# Öffenlicher Bereich > AllerWelts News / Smalltalk >  Wissenswertes aus aller Welt

## walter

Als die drei bedeutendsten buddhistischen Bauwerke gelten:

Tempelanlagen von Angkor Wat/Kambodscha
Borobudur-Tempel bei Yogyakarta/Java
Tempelanlagen von Pagan/ Myanmar (Burma)

Ankor Wat wurde als hinduistischer Tempel begonnen und als ein Herrscher zum Buddhismus konvertierte in dessem Stil beendet.

----------


## walter

Vorschriften bzw. Gesetze aus den USA

Kentucky: Hier existiert ein Gesetz, dass den Einwohnern ein Bad pro Jahr vorschreibt.

South Bend, Indiana: Affen ist es gesetzlich verboten zu rauchen.

Montana: Eine Ehefrau macht sich strafbar, wenn sie die Post ihres Mannes öffnet.

Halethorpe, Maryland: Ein Kuß darf nicht länger als 1 Sekunde dauern.

Arkansas: Ein Mann darf seine Frau verprügeln, solange er dies nicht öfter als einmal im Monat tut.

Nogales, Arizona: Ein Mann in darf keine Hosenträger sichtbar tragen. 

Im US-Bundesstaat Oklahoma ist im Jahr 2000 eine Schülerin vom Unterricht ausgeschlossen worden, der Vorwurf lautete auf: Hexerei.

Michigan: Das Haar der Frau ist von Rechts wegen Eigentum des Mannes. 

Portland, Oregon: Man kann in den Knast wandern, wenn man ohne angemesse Kleidung badet.

----------


## Daniel Sun

Weiß nicht ob es hier passt, aber auf dieser Seite kann man die Sonnenaufgangs und -untergangs Zeiten nach schauen....

http://www.timeanddate.com/worldcloc...-11&day=1&n=28

----------


## Greenhorn

Man braucht gar nicht soweit zu gehen, gemaess der hessischen Verfassung, ist die Todesstrafe zulaessig!

----------


## schiene

> Man braucht gar nicht soweit zu gehen, gemaess der hessischen Verfassung, ist die Todesstrafe zulaessig!

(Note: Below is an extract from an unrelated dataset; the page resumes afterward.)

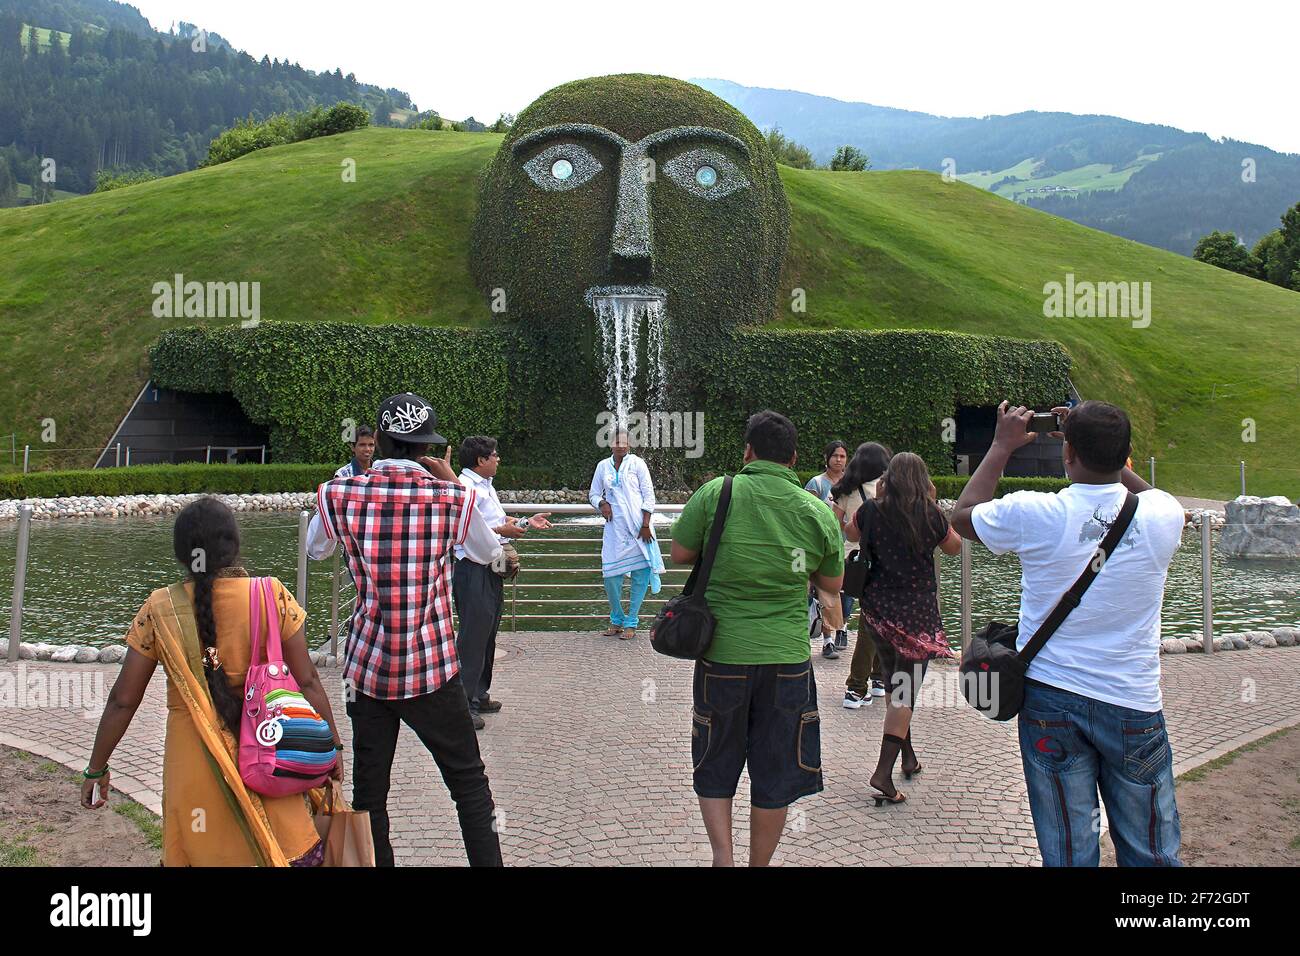 The Giant at entrance to Swarovski Crystal Worlds, Wattens, Austria, Europe  Stock Photo - Alamy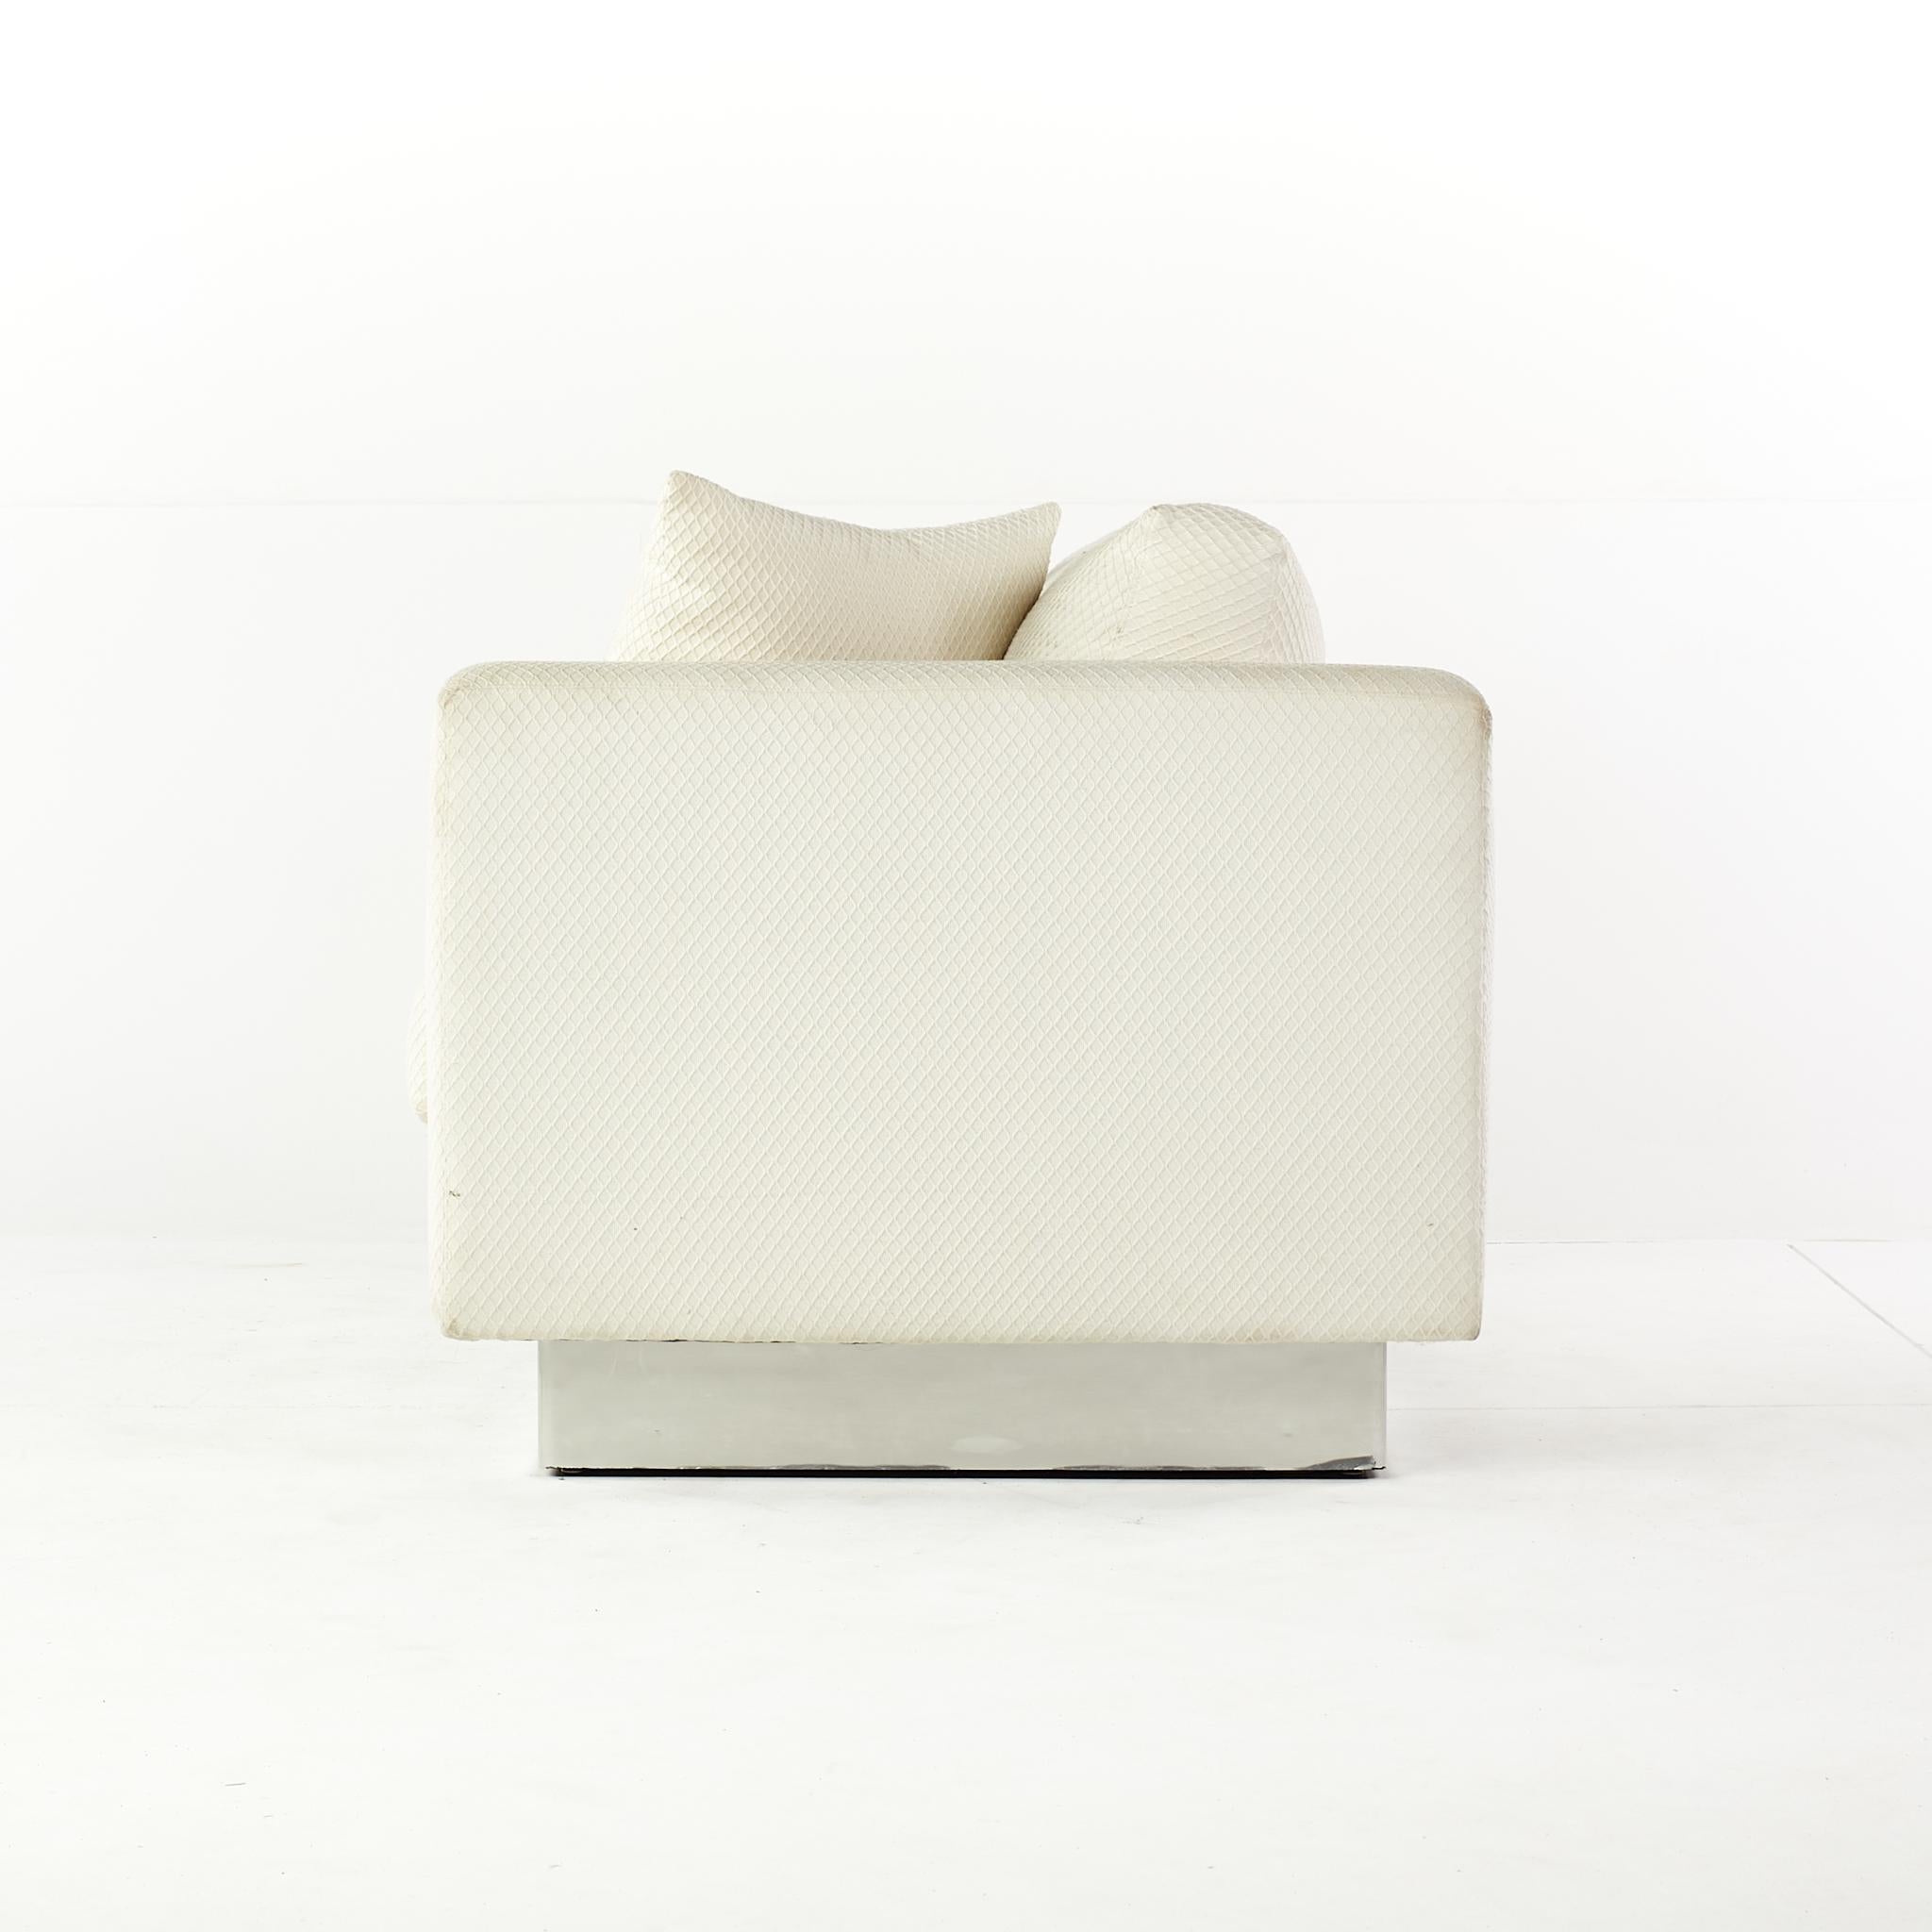 Upholstery Milo Baughman Style Mid-Century Modernist Chrome Base Loveseat For Sale

stimmt,nur das Bundesgesetz steht über dem Landesgesetz

----------


## walter

Ist das schade?   :: 

Daniel guter Link. Alles rein in den Thread.   ::

----------


## Greenhorn

> Zitat von Greenhorn
> 
> Man braucht gar nicht soweit zu gehen, gemaess der hessischen Verfassung, ist die Todesstrafe zulaessig!
> 
> 
> stimmt,nur das Bundesgesetz steht über dem Landesgesetz


Stimmt natuerlich.
Das eigentlich "lustige" daran, man koennte es durch Volkentscheid streichen. Macht nur keiner, da befuerchtet wird, es wird fuer die Beibehaltung gestimmt.

----------


## wein4tler

Wissenswertes rund ums Bier

Dass Bier das beliebteste alkoholische Getränk der Deutschen ist, ist ja hinlänglich bekannt. Ganze 112 l Bier pro Kopf und Jahr trinken sie laut Erhebungen des Brauer-Bundes. Spitzenreiter sind sie damit aber nicht, denn die Tschechen schaffen ganze 145 l pro Kopf und Jahr. Auf Platz 3 kommt Österreich mit etwa 108 l pro Kopf und Jahr.

Wie aus Brot Bier wurde:

Die Deutschen liegen zwar im Bierverbrauch ganz weit vorn, erfunden haben sie es aber nicht. Das erste bierartige Getränk entdeckten die Ägypter, die ein halbfertig gebackenes Brot mit Wasser vergären ließen. Das Gebräu wurde im Mittelalter so beliebt, dass Mönche in ihren Klosterbrauereien für konstanten Bierfluss sorgten.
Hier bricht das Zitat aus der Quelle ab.